Fundraising and Networking | Working for a Non-Profit #4

Working for Mercy-USA showed me that networking is essential for professional development. Having access to someone with professional experience to ask for advice or guidance pushes you toward career success.  Networking is a major part of working for a non-profit organization. It is important to build professional relationships that are based on mutual trust and commitment, because most of the work can’t be done individually. We utilize multiple methods to reach out and collaborate with different communities to reach our goals. For example, the organization hosted several fundraiser dinners in Michigan in the past year. Another method of networking that they use is traveling to different states to attend conventions. People from various states and countries attend conventions to build professional connections.
Our next networking event is going to be in Huston, and it would be a great opportunity for me to represent the organization with my teammates, to help them raise funds for their future projects. In conventions, we try to present our projects using technology, to make the experience more relatable and realistic. In the last convention, the organization used a 3d virtual-reality headset to display a video about a Syrian family. The VR video displayed their unfortunate circumstances of living in a camp for refugees in Lebanon, and how harsh their life was.  I am looking forward to come up with new methods and ideas to exhibit our future plans for Detroit city, while building new connections.  

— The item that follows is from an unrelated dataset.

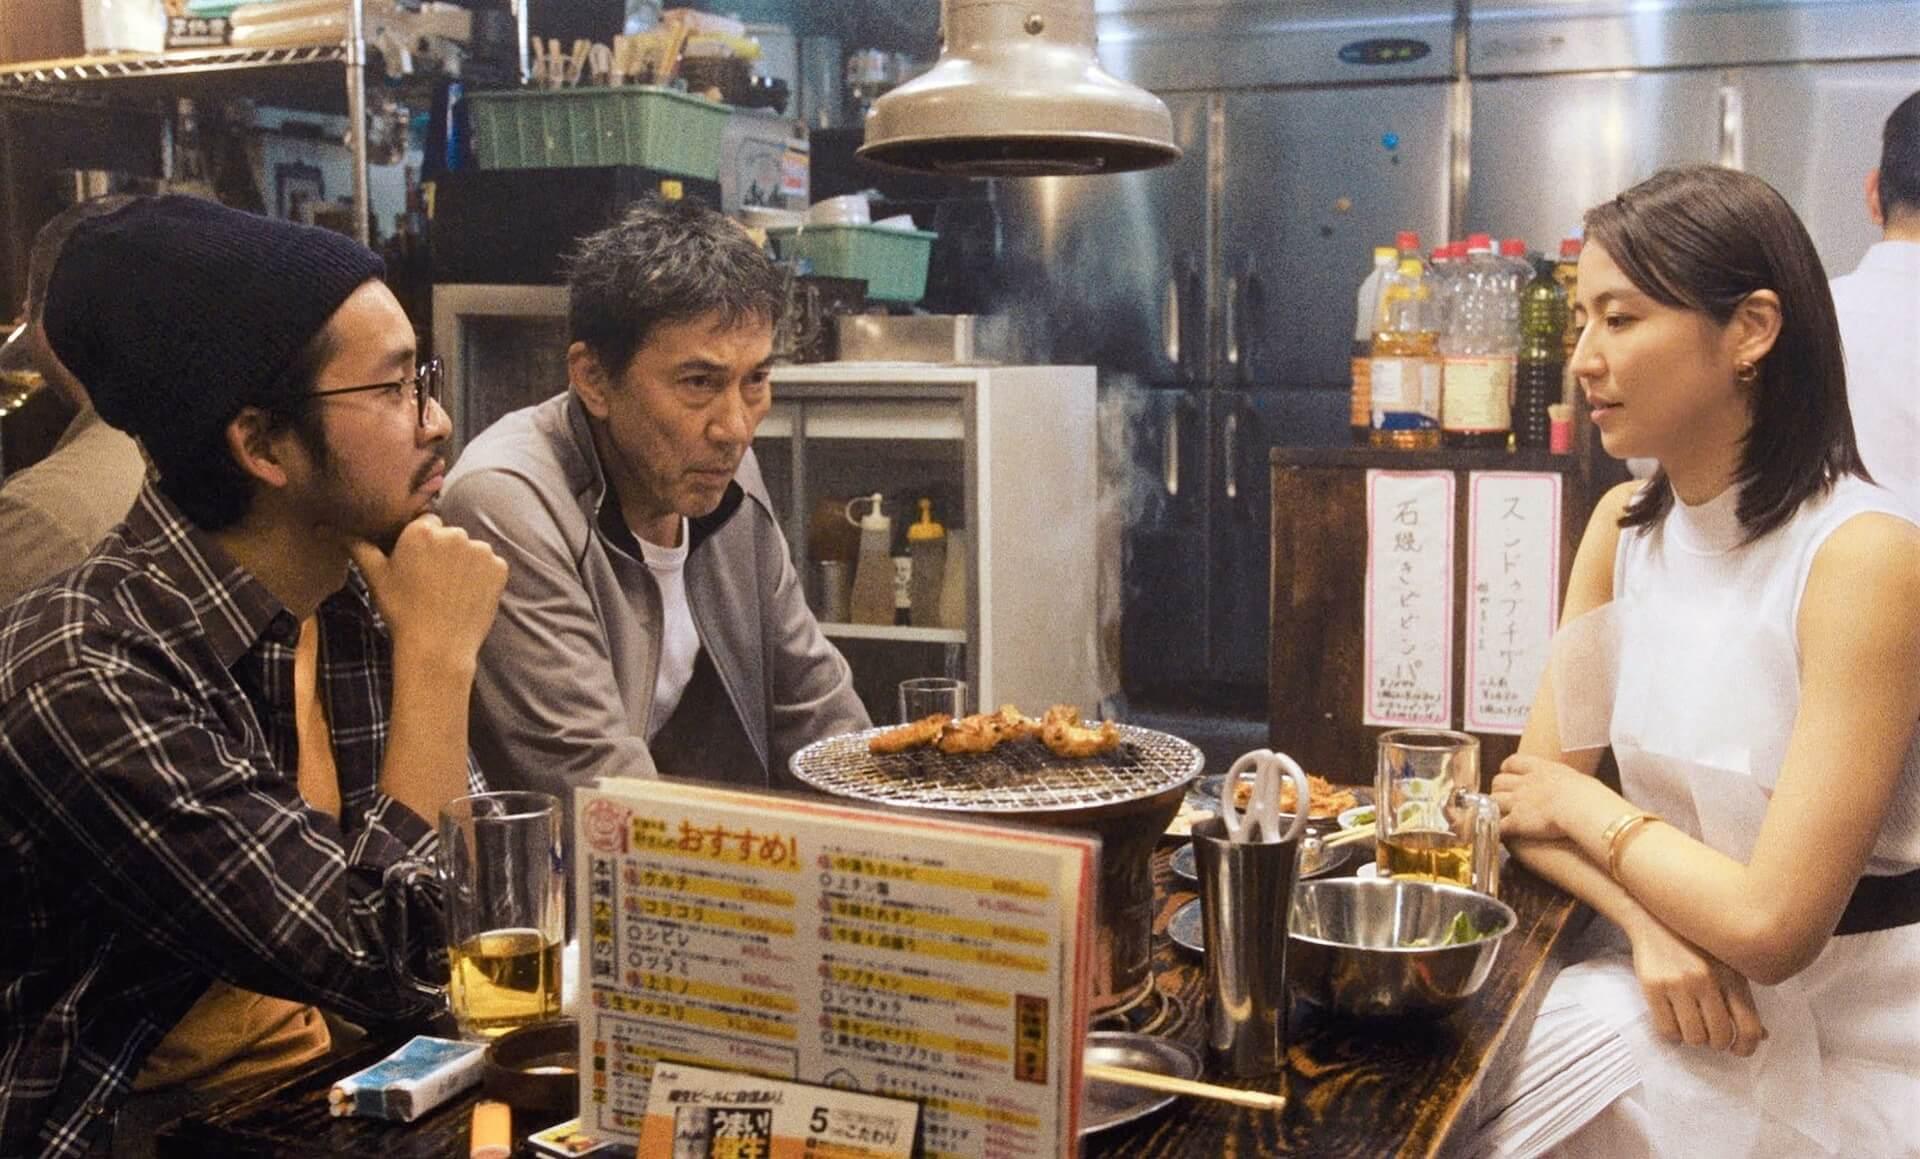 長澤まさみが敏腕プロデューサー役で新たな一面を見せる!西川美和監督作『すばらしき世界』の15秒スポット映像が解禁 film210119_subarasikisekai_3

One thought on “Fundraising and Networking | Working for a Non-Profit #4

  • August 23, 2018 at 3:25 pm

    Abrar, I couldn’t agree more about the importance of networking and relationships. I believe it is critical in any field – after all, there’s a reason the saying, “it’s not what you know, it’s who you know” exists. It’s certainly been true for me in my own career, and I actively try and make sure to build those networks both on campus and off.

    Have you gotten to do much networking within the organization as well? For both your Mercy-USA and partner contacts, do you intend to stay in touch after your internship ends? Following up every few months via email, LinkedIn, a coffee or lunch date, or a personal note go a long way to keep the network alive.

    Has your internship with Mercy-USA ended? I hope you got to go to that convention in Houston. And using the VR headset to help tell the story of the Syrian family…wow.